Will return an iterator over all objects found in the JSON stream.

**Parameters:**

- **json** - a parameter-less function, when called returns some number
of bytes from the JSON stream. It can also be a string.
- **path** - a dot-delimited string specifying the path to the nested
JSON. Use ``"."`` if your JSON starts with ``[``, and is a list.
- **expected\_vars** - a list of strings specifying the full property
names required (all other properties are ignored)

Common Usage
^^^^^^^^^^^^

The most common use of ``parse()`` is to iterate over all the objects in
a large, top-level, array:

::

parse(json, path=".", required_vars=["."]}

For example, given the following JSON:

::

[
{"a": 1},
{"a": 2},
{"a": 3},
{"a": 4}
]

returns a generator that provides

::

{"a": 1}
{"a": 2}
{"a": 3}
{"a": 4}

Examples
^^^^^^^^

**Simple Iteration**

::

json = {"b": "done", "a": [1, 2, 3]}
parse(json, path="a", required_vars=["a", "b"]}

We will iterate through the array found on property ``a``, and return
both ``a`` and ``b`` variables. It will return the following values:

::

{"b": "done", "a": 1}
{"b": "done", "a": 2}
{"b": "done", "a": 3}

**Bad - Property follows array**

The same query, but different JSON with ``b`` following ``a``:

::

json = {"a": [1, 2, 3], "b": "done"}
parse(json, path="a", required_vars=["a", "b"]}

Since property ``b`` follows the array we're iterating over, this will
raise an error.

**Good - No need for following properties**

The same JSON, but different query, which does not require ``b``:

::

json = {"a": [1, 2, 3], "b": "done"}
parse(json, path="a", required_vars=["a"]}

If we do not require ``b``, then streaming will proceed just fine:

::

{"a": 1}
{"a": 2}
{"a": 3}

**Complex Objects**

This streamer was meant for very long lists of complex objects. Use
dot-delimited naming to refer to full name of the property

::

json = [{"a": {"b": 1, "c": 2}}, {"a": {"b": 3, "c": 4}}, ...
parse(json, path=".", required_vars=["a.c"])

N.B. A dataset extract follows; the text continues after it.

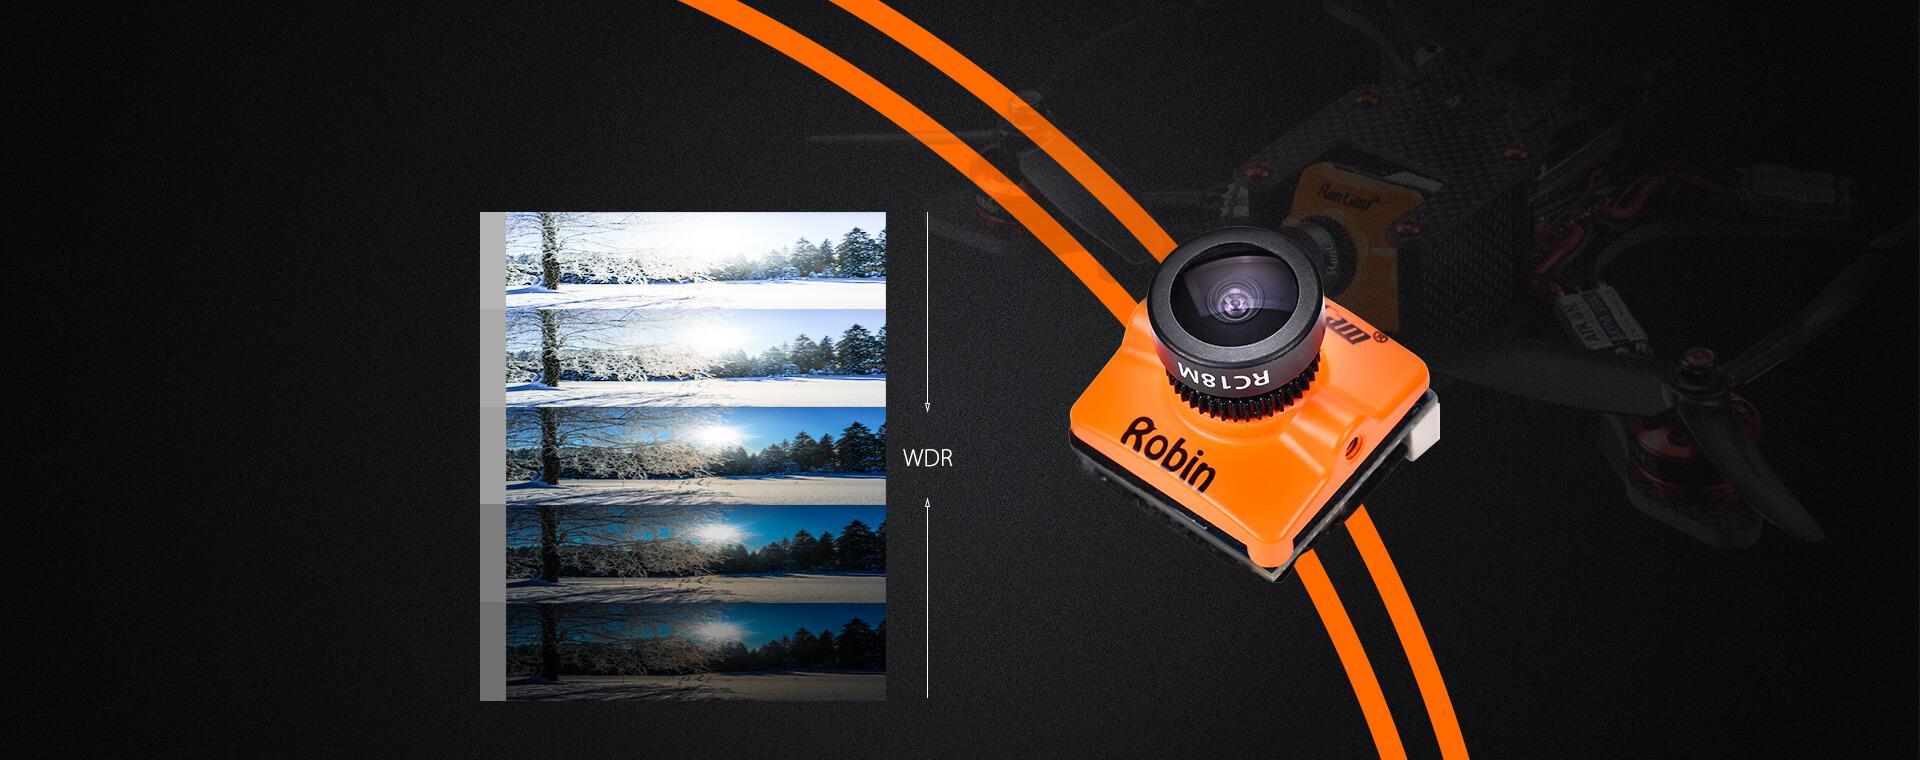 runcam fpv camera robin-web-2.jpg

The dot (``.``) can be used to refer to the top-most array. Notice the
structure is maintained, but only includes the required variables.

::

{"a": {"c": 2}}
{"a": {"c": 4}}
...

**Nested Arrays**

Nested array iteration is meant to mimic a left-join from parent to
child table; as such, it includes every record in the parent.

::

json = [
{"o": 1: "a": [{"b": 1}: {"b": 2}: {"b": 3}: {"b": 4}]},
{"o": 2: "a": {"b": 5}},
{"o": 3}
]
parse(json, path=[".", "a"], required_vars=["o", "a.b"])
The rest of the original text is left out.